The owner of the original White Fence Farm in Romeoville, Illinois, said the Route 66 restaurant has lost $2.4 million in 12 months since the pandemic began last year and still is trying to survive since it reopened in March.
A reporter of the Lemont Patch interviewed third-generation owner Laura Hastert, who admitted she needs help from locals and regulars to stay alive after the main location at 1376 Joliet Road (aka Route 66) closed for a year:
What was once a familiar-faced staff of 125 employees is now a group of about 40 workers who have stuck with Hastert through the difficult times. Hastert is hoping to provide jobs to employees who could help the restaurant return to its former self as seating capacities continue to expand in coming months. But she needs help.

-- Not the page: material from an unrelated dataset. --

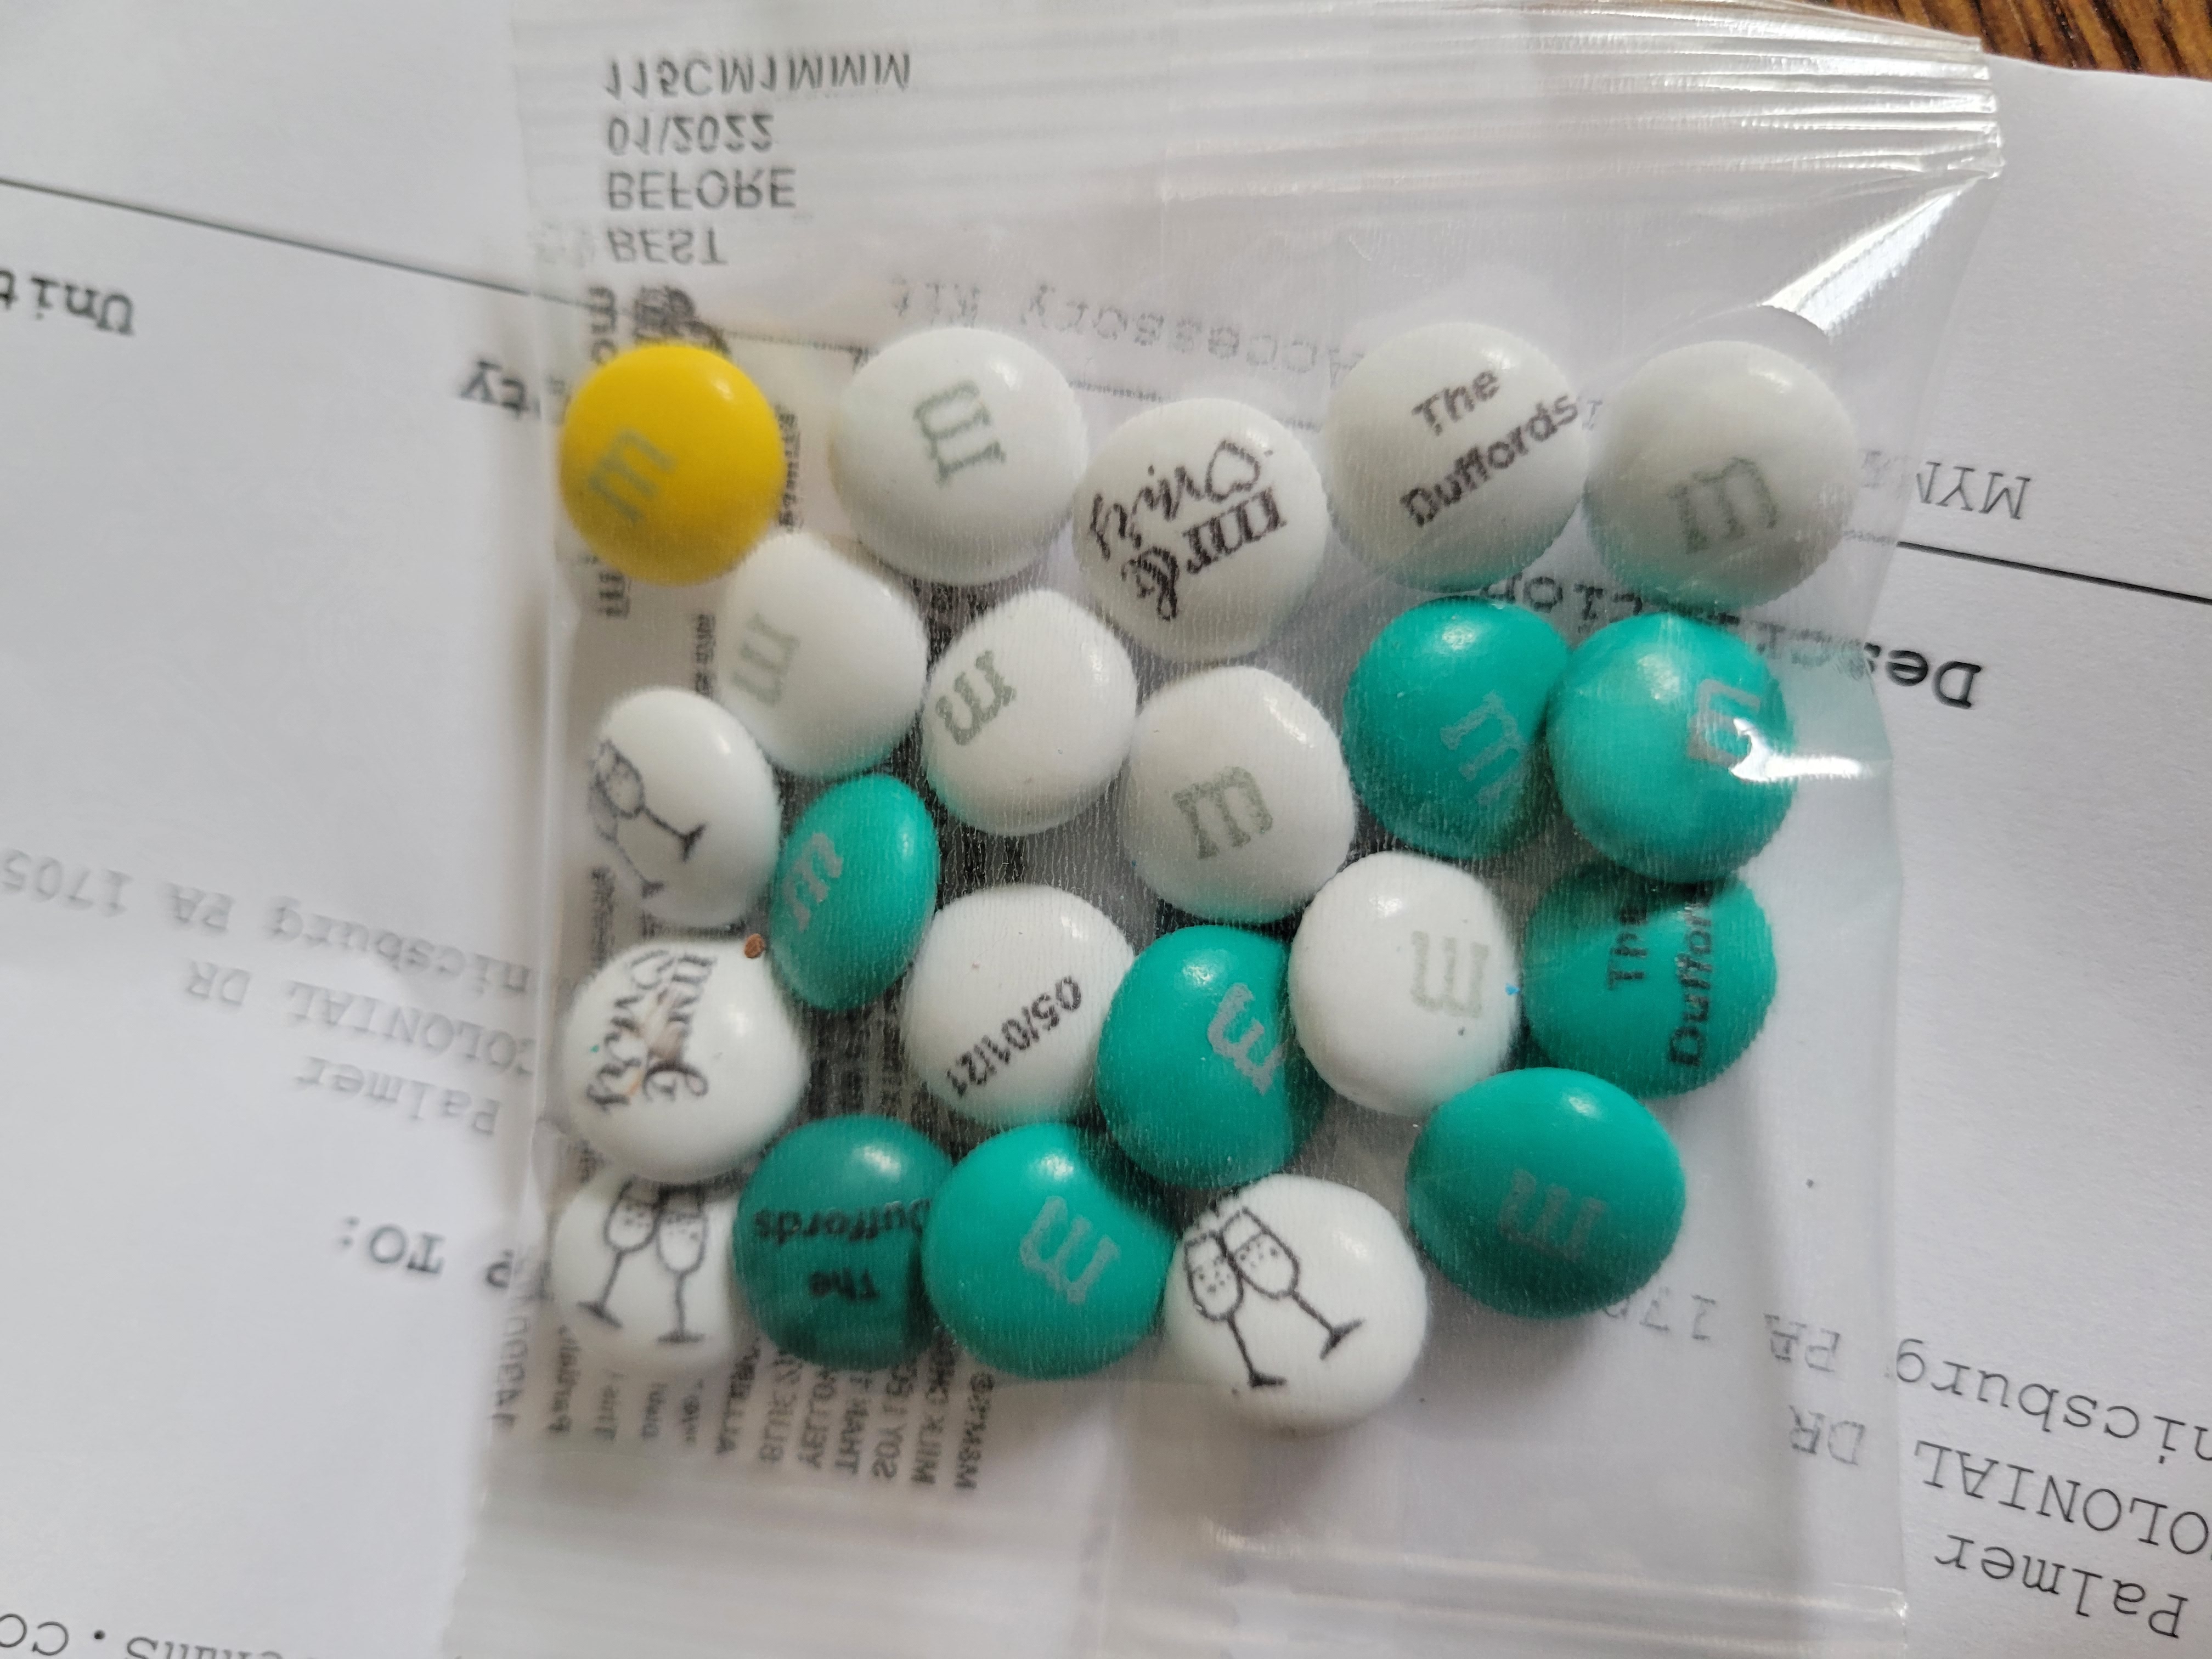 Personalized M&M'S from Mymms.com
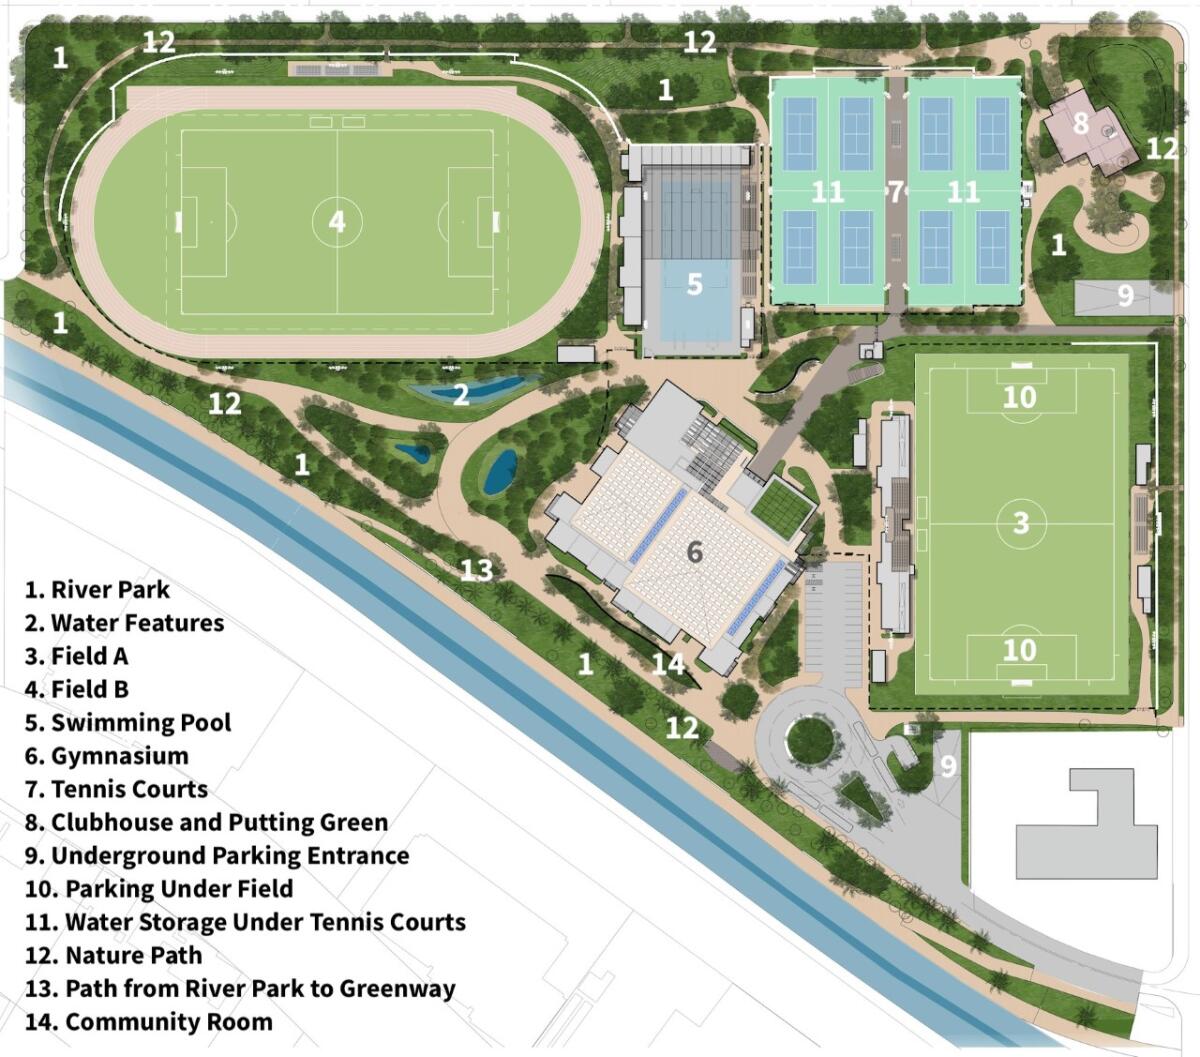 Graphic showing plans for an athletics complex.

In a Facebook post, the restaurant asked local customers to support the business by shopping local — a mantra that has been repeated continuously across the country since the pandemic began last March. […]
“We weren’t one of the restaurants that could say, ‘Now we can open at 25 percent, now we can open at 10 percent, we can do outdoor dining,’ because it was like a dog chasing its tail the way it was going on again, off again and then the next day they’re like, ‘No, you’ve got to close,'” Hastert said. “I don’t know about you, but I don’t know who could run a business that way. God bless those people who tried.”
The restaurant survived with takeout orders and Payroll Protection Program funds and has applied for the Restaurant Revitalization grant program.
Hastert said she didn’t want to reopen because she didn’t want customers contracting COVID-19 there. She relented in March when one of her managers told her the business would go under if it didn’t reopen soon.
But conditions still are tough:
“We’re still here trying to serve strong, but we need help like everybody. […] We’re getting by, but we want to keep these families working.”
She added, “Our place has been an institution and a landmark in this area 30 miles south of Chicago and you said, ‘White Fence Farm’ and I guarantee everyone is going to say, ‘Oh my God, I know that place.’ We’re just trying to stay alive like everybody else. We all need help. We’re all tired.”
Stuyvesant “Jack” Peabody, CEO of Peabody Coal, founded White Fence Farm was founded at its original location in the early 1920s, a few years before U.S. 66 was federally certified. Since 1954, the restaurant has been owned and operated by the Hastert family.